#### YOUR OBJECTIVE
Below are entries; tally how many lines hold the string "partidario" and answer with only that figure.
Top of SUPPLIED ENTRIES
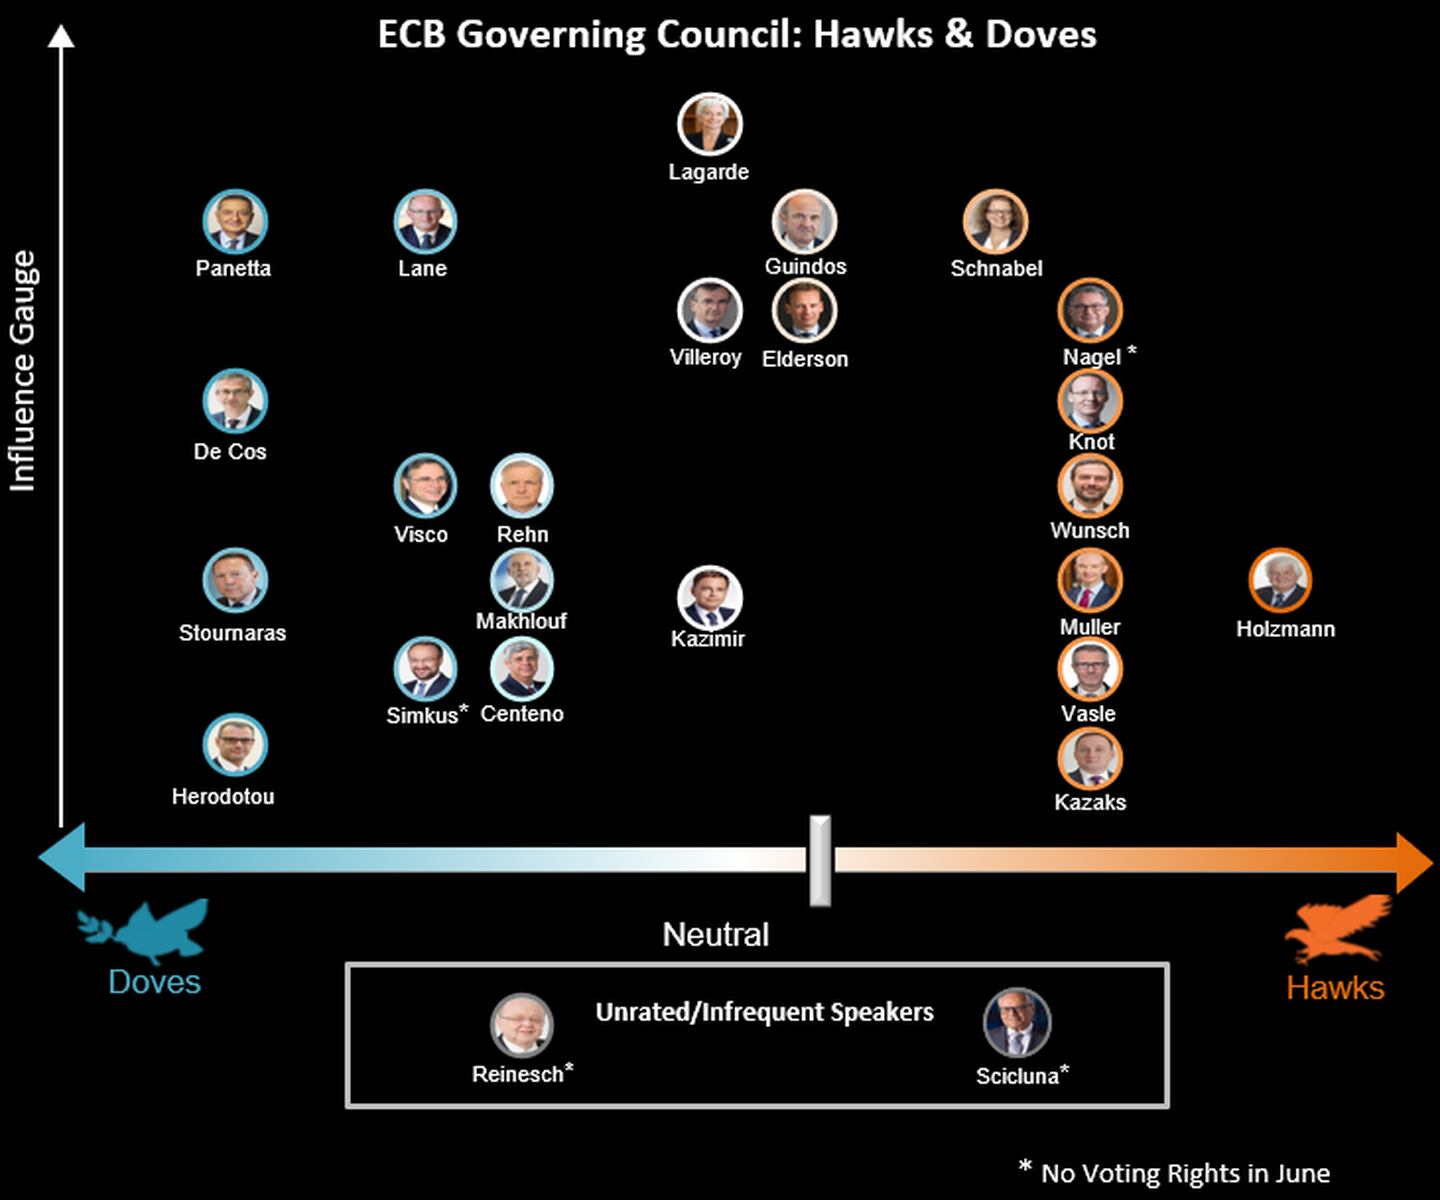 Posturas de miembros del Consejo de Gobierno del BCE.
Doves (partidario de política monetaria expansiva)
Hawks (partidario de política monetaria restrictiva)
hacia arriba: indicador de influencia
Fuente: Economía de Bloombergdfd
Bottom of SUPPLIED ENTRIES
#### OUTPUT FOR THIS EXERCISE
2